Task statement: Copy the listing exactly, images excluded.

Provided material:
▼
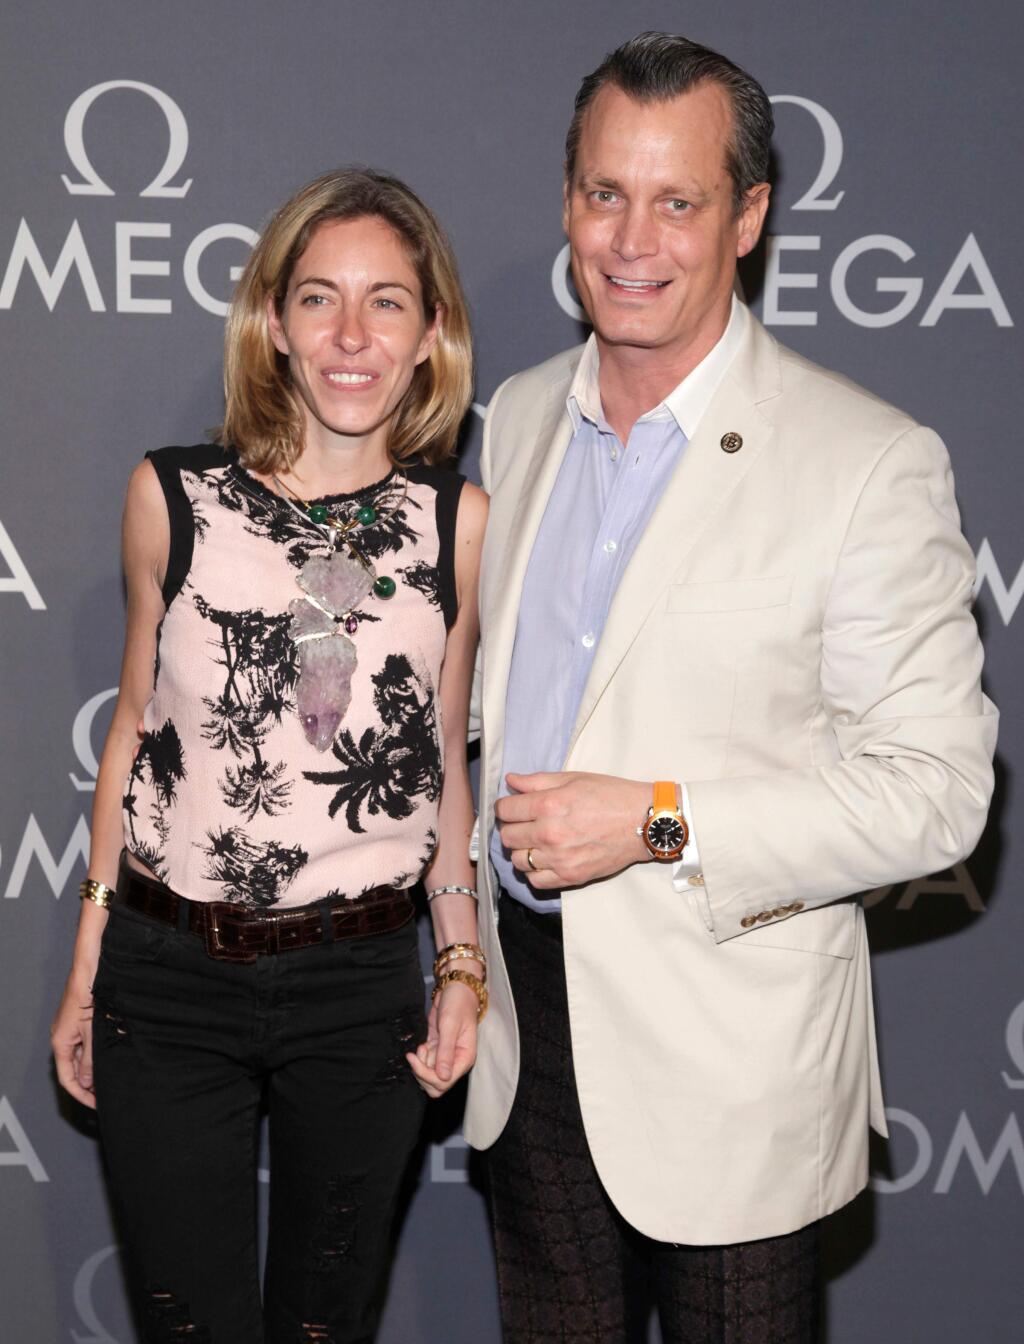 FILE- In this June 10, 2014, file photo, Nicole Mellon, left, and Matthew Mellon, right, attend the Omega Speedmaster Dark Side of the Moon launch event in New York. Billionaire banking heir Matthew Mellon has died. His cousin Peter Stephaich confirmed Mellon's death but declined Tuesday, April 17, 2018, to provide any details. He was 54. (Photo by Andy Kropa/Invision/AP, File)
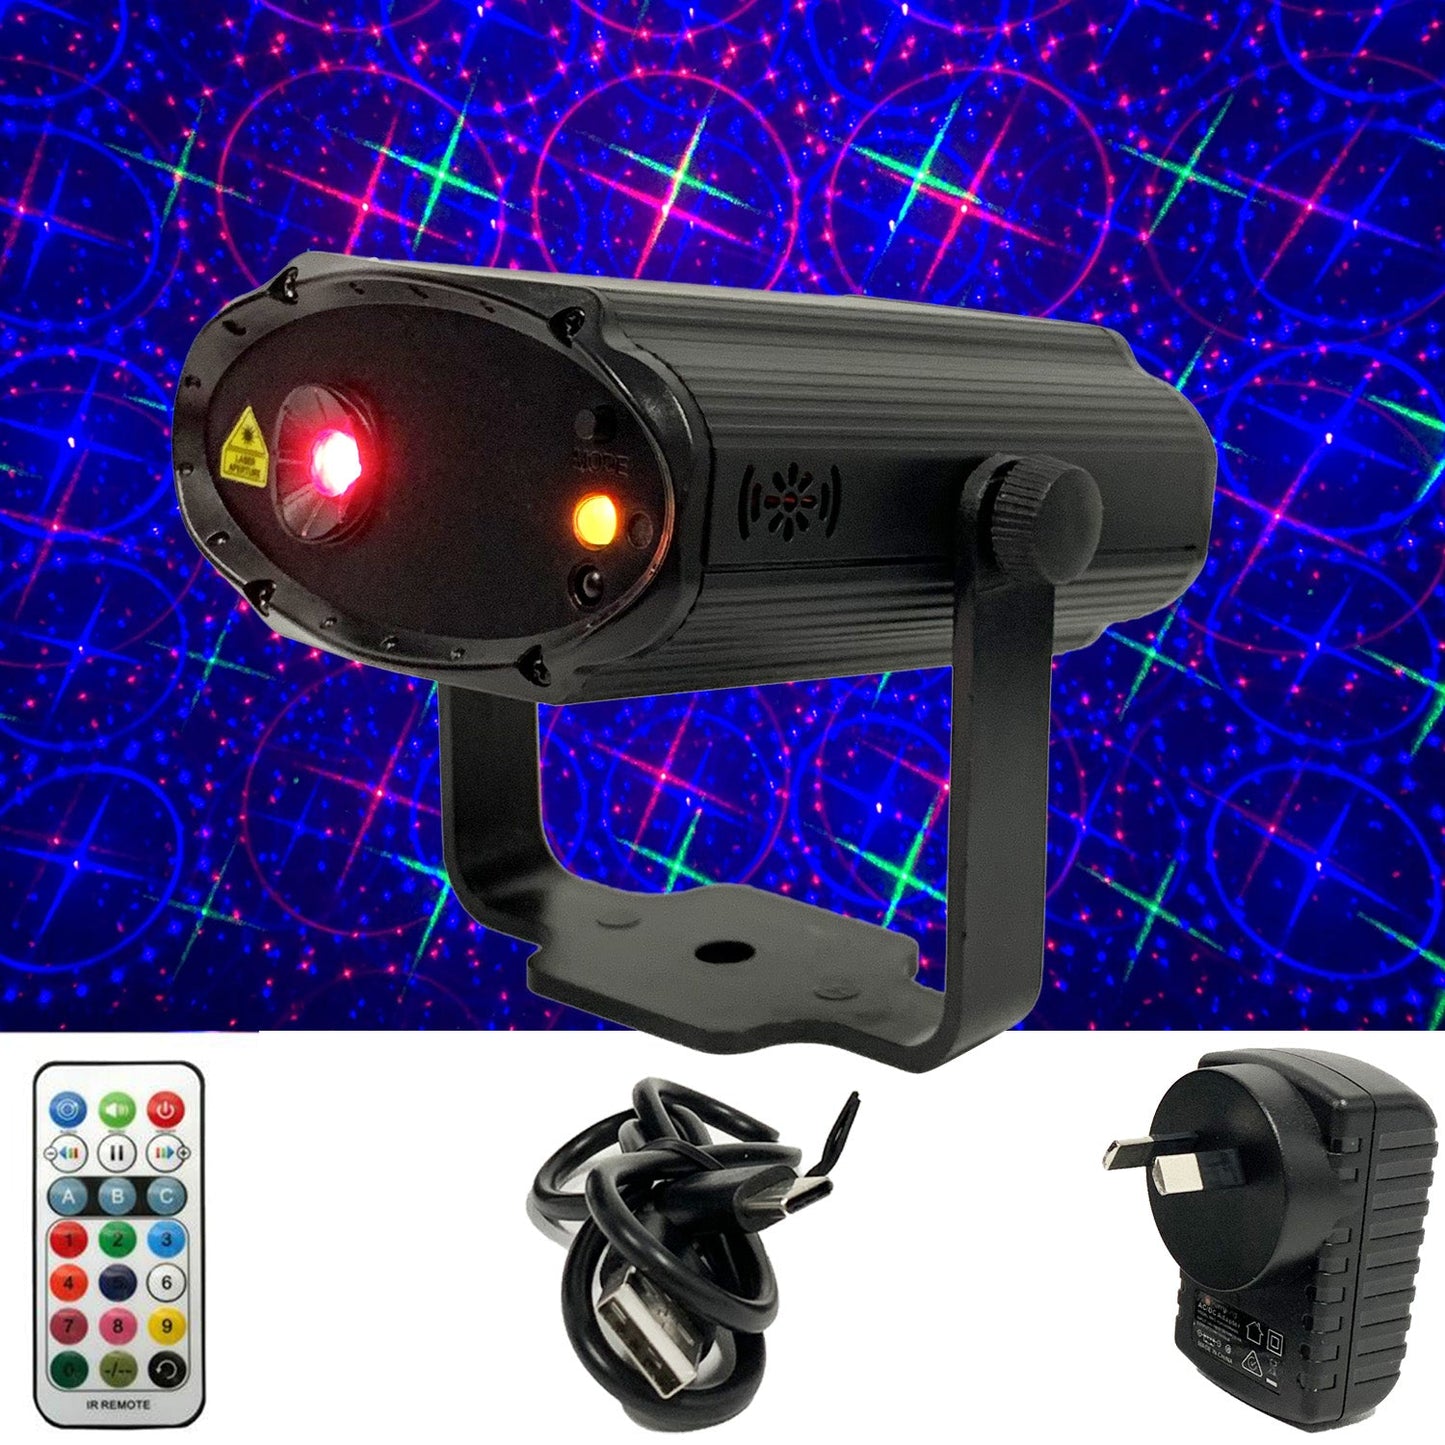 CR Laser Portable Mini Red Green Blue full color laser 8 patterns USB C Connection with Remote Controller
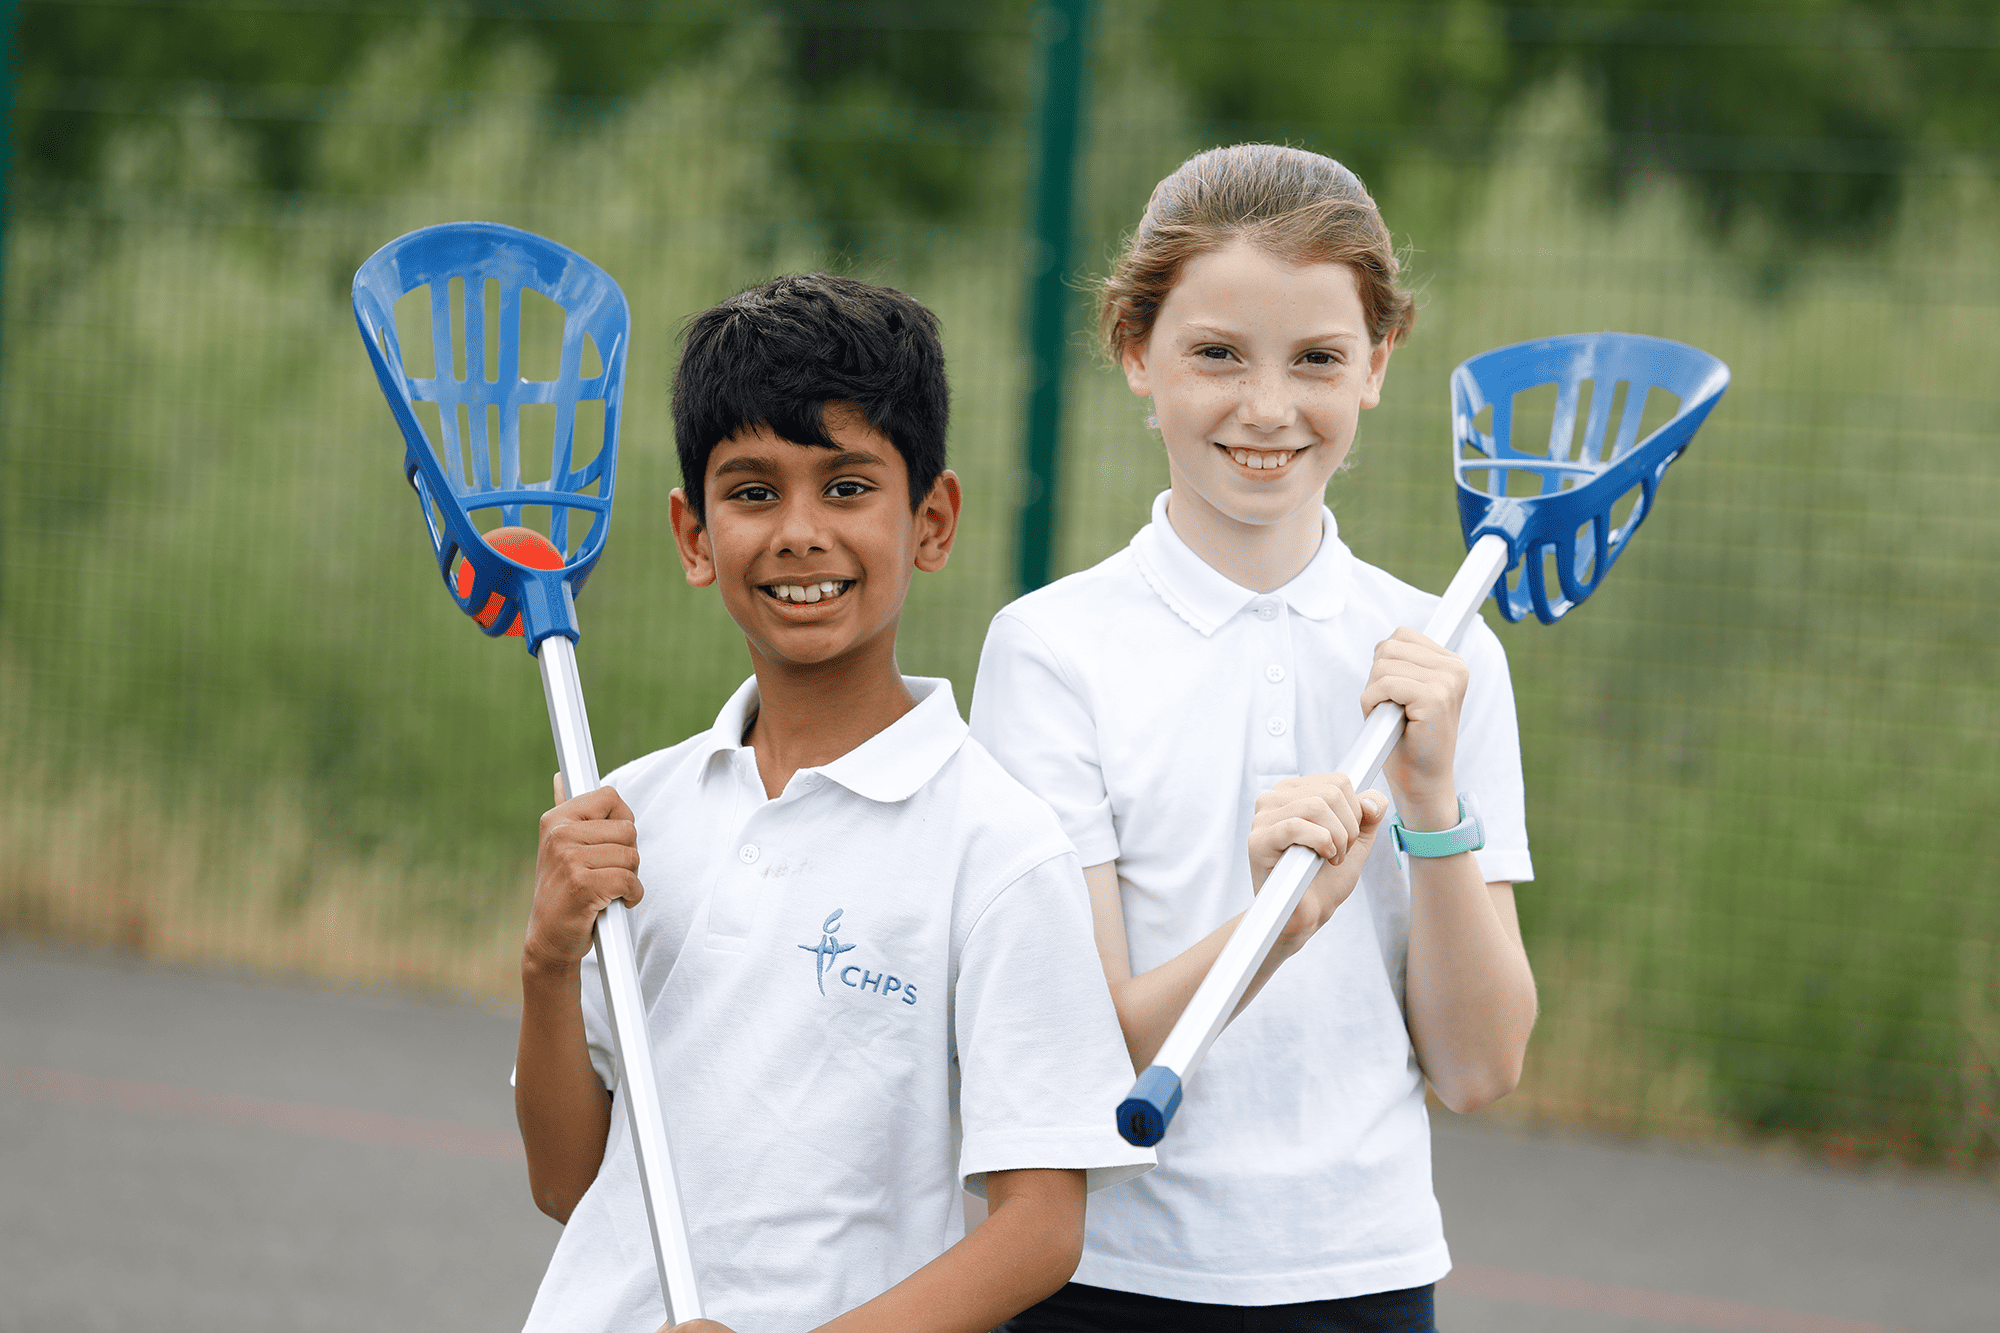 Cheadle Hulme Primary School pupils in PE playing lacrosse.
▲
Solution for this task:
 FILE- In this June 10, 2014, file photo, Nicole Mellon, left, and Matthew Mellon, right, attend the Omega Speedmaster Dark Side of the Moon launch event in New York. Billionaire banking heir Matthew Mellon has died. His cousin Peter Stephaich confirmed Mellon's death but declined Tuesday, April 17, 2018, to provide any details. He was 54. (Photo by Andy Kropa/Invision/AP, File)
 CR Laser Portable Mini Red Green Blue full color laser 8 patterns USB C Connection with Remote Controller
 Cheadle Hulme Primary School pupils in PE playing lacrosse.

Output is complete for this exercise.